Директор в то время жил уже не на дворе старой гимназии, а рядом с ней, через улицу, в большом деревянном доме.
Когда я вошел в переднюю, мне указали на лестницу в коридоре и сказали: "Ступайте наверх".
Наверху, то есть на антресолях, было, как кажется, две комнаты. В первой из них, пустой, я остановился. В другой слышались голоса -- там были, очевидно, гости и стоял дым от трубок. Кто-то доложил о моем приходе. И вот, вижу я, выходит ко мне высокий, полный, несколько сутулый, мне совершенно незнакомый господин... Этот господин был Василий Андреевич Жуковский. Он сказал мне, что стихи мои ему очень понравились, что наследник благодарит меня и жалует меня золотыми часами.
На другой день отъезда наследника-цесаревича в актовой зале новой гимназии был молебен в присутствии всех учителей и всех классов, потом прочтена была какая-то бумага с упоминанием моей фамилии и затем был мне вручен футляр с небольшими золотыми часами, покрытыми эмалированными цветами, по большей части незабудками.
Чтобы вполне воссоздать со всеми подробностями это не ожиданное мною событие, нужно немало бумаги и времени. Скажу только, что высочайшая награда обратила на меня внимание всей Рязани. Я был недоволен своими стихами, а рязанские барыни распускали слух, что это не я сам их сочинил, а мои тетеньки (!). Вскоре после отъезда наследника я был приглашен на обед к рязанскому предводителю дворянства, а затем на обед к председателю казенной палаты Княжевичу, брату бывшего министра финансов. От архиепископа Евгения прислана была мне печатная проповедь с надписью: "Пииту Полонскому. А. Евгений".

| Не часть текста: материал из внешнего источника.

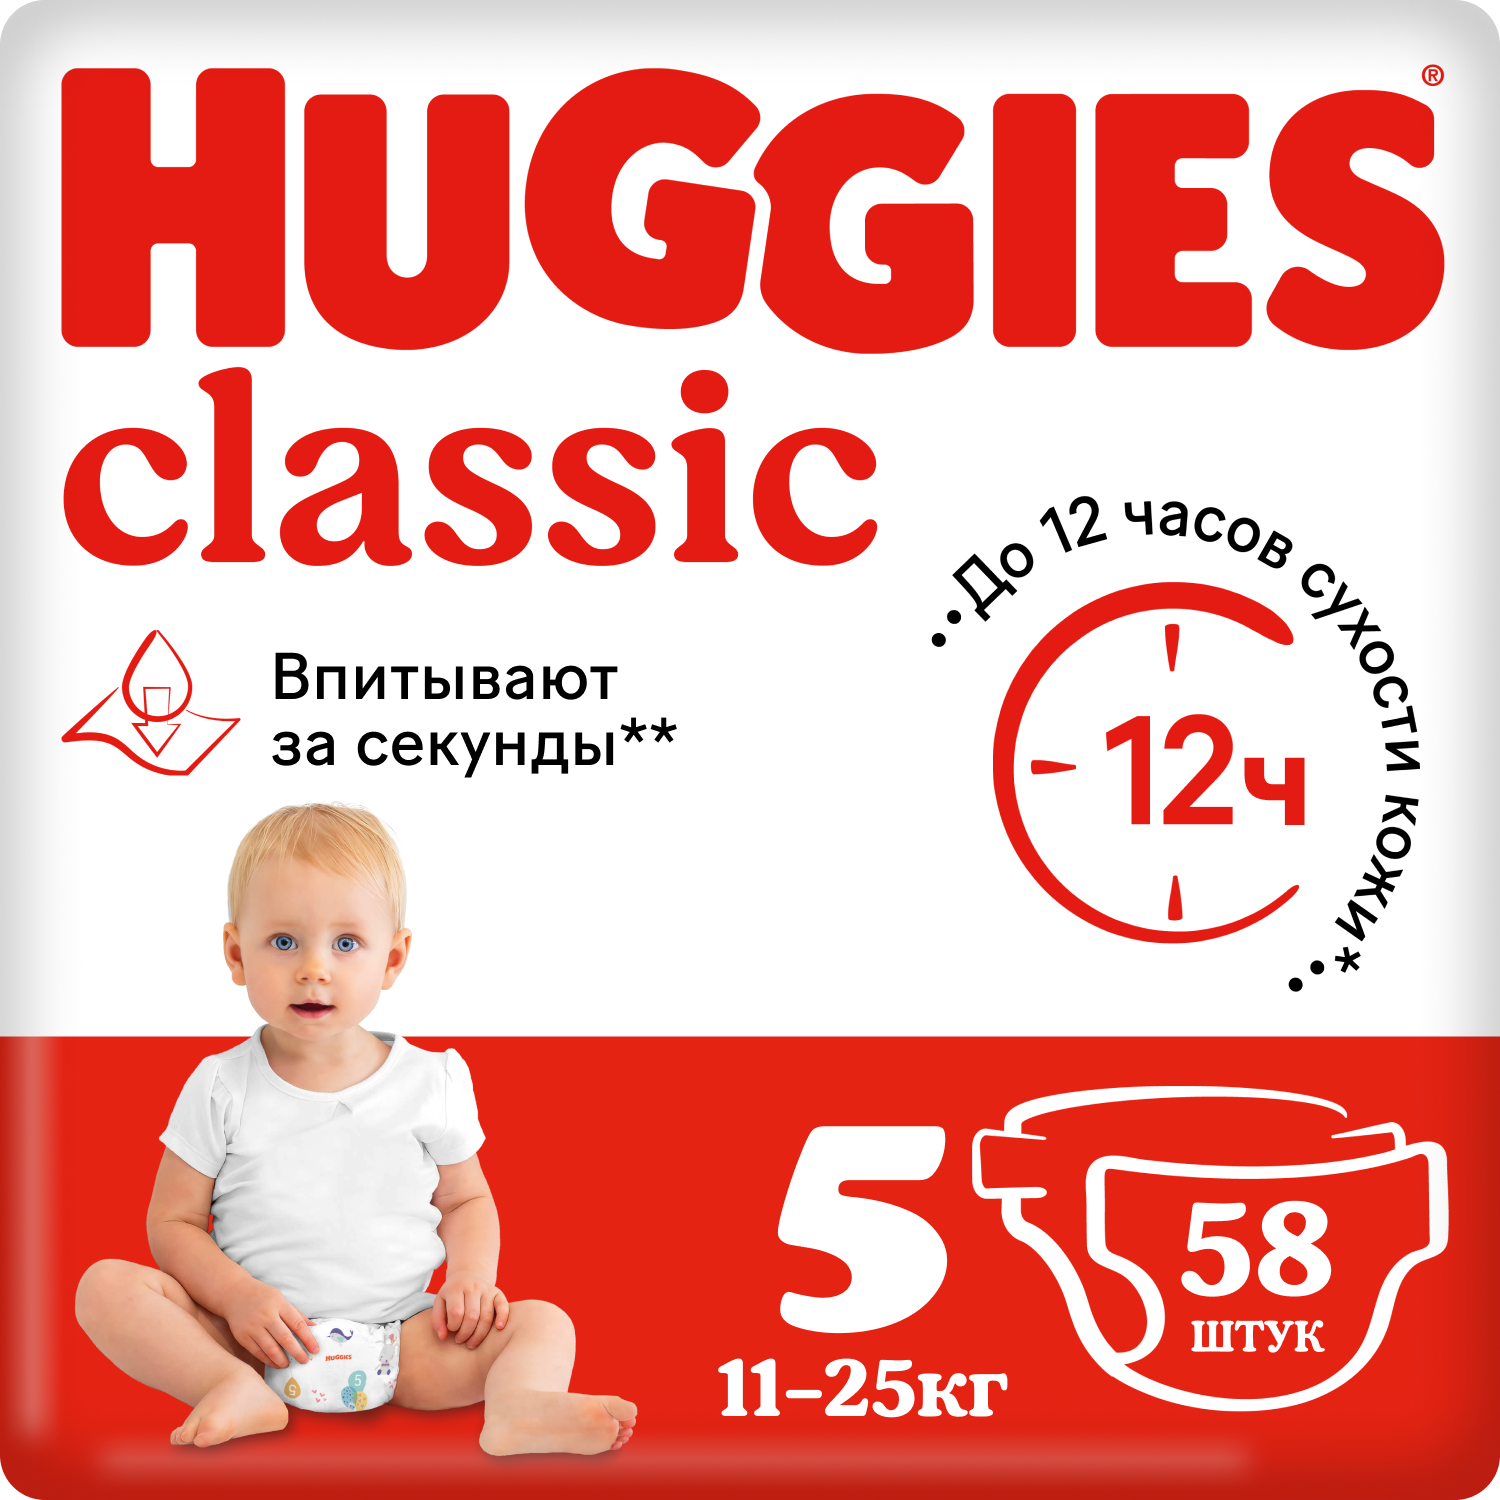 Подгузники Huggies Classic 5 (11-25 кг), 58 шт. подгузники huggies classic 3 4 9 кг 58 шт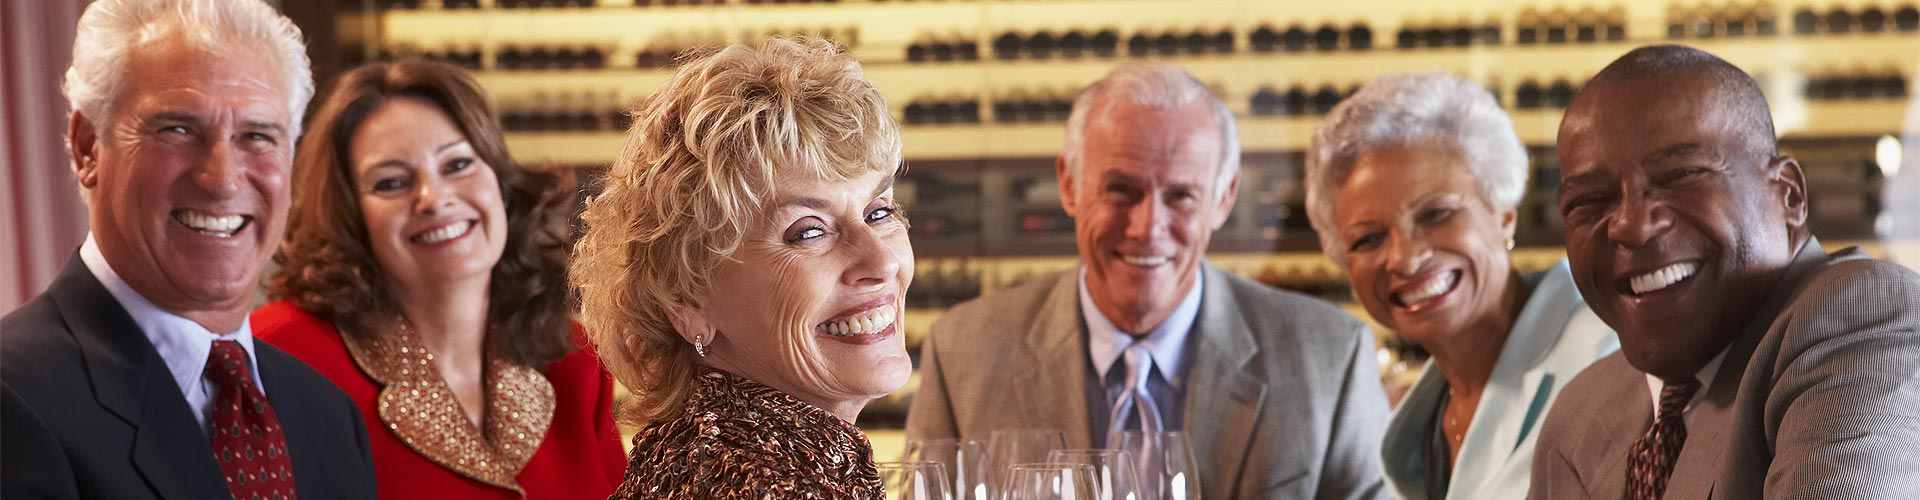 Restaurantes para jubilaciones 2021 en Zierbena

Перейдя в 7-й класс, я был сделан старшиной, то есть надзирателем за всеми учениками гимназии, и, несмотря на это, я не помню со стороны моих товарищей ни малейшего проявления вражды или зависти. Как старшина, я, конечно, не был похож на великого человека, каким казался мне тот старшина, которого застал я при моем поступлении в гимназию. Говорят, скромность паче гордости; если это справедливо, то, не хвастаясь, могу сказать, что сходя в нижний этаж, где помещались 1-й и 2-й классы и по крайней мере сотня мальчиков, я постоянно был окружаем улыбающимися шалунами и водворял тишину после звонка, до прихода учителя, вовсе не строгостью, а тем, что меня любили. При этом (ничего не скрывая) считаю нужным сообщить, что, как старшина, я иногда злоупотреблял в свою пользу своим правом удаляться из своего класса во время рекреации; когда я плохо знал урок и боялся, что меня вызовут и спросят, я медлил возвращаться в свой класс: я знал, что если по списку вызовут меня, а меня не окажется, то вызовут кого-нибудь другого. Я это вспоминаю только потому, что меня за это мучила совесть. Никто тогда и не подозревал моей хитрости, так же как и теперь никто не толкал меня на это признание. Но, почем я знаю, может, оно и пригодится какому-нибудь педагогу в доказательство, как было безнравственно и нерационально назначать в надзиратели одного из учеников гимназии. Я привожу только факты, но с педагогами спорить не буду.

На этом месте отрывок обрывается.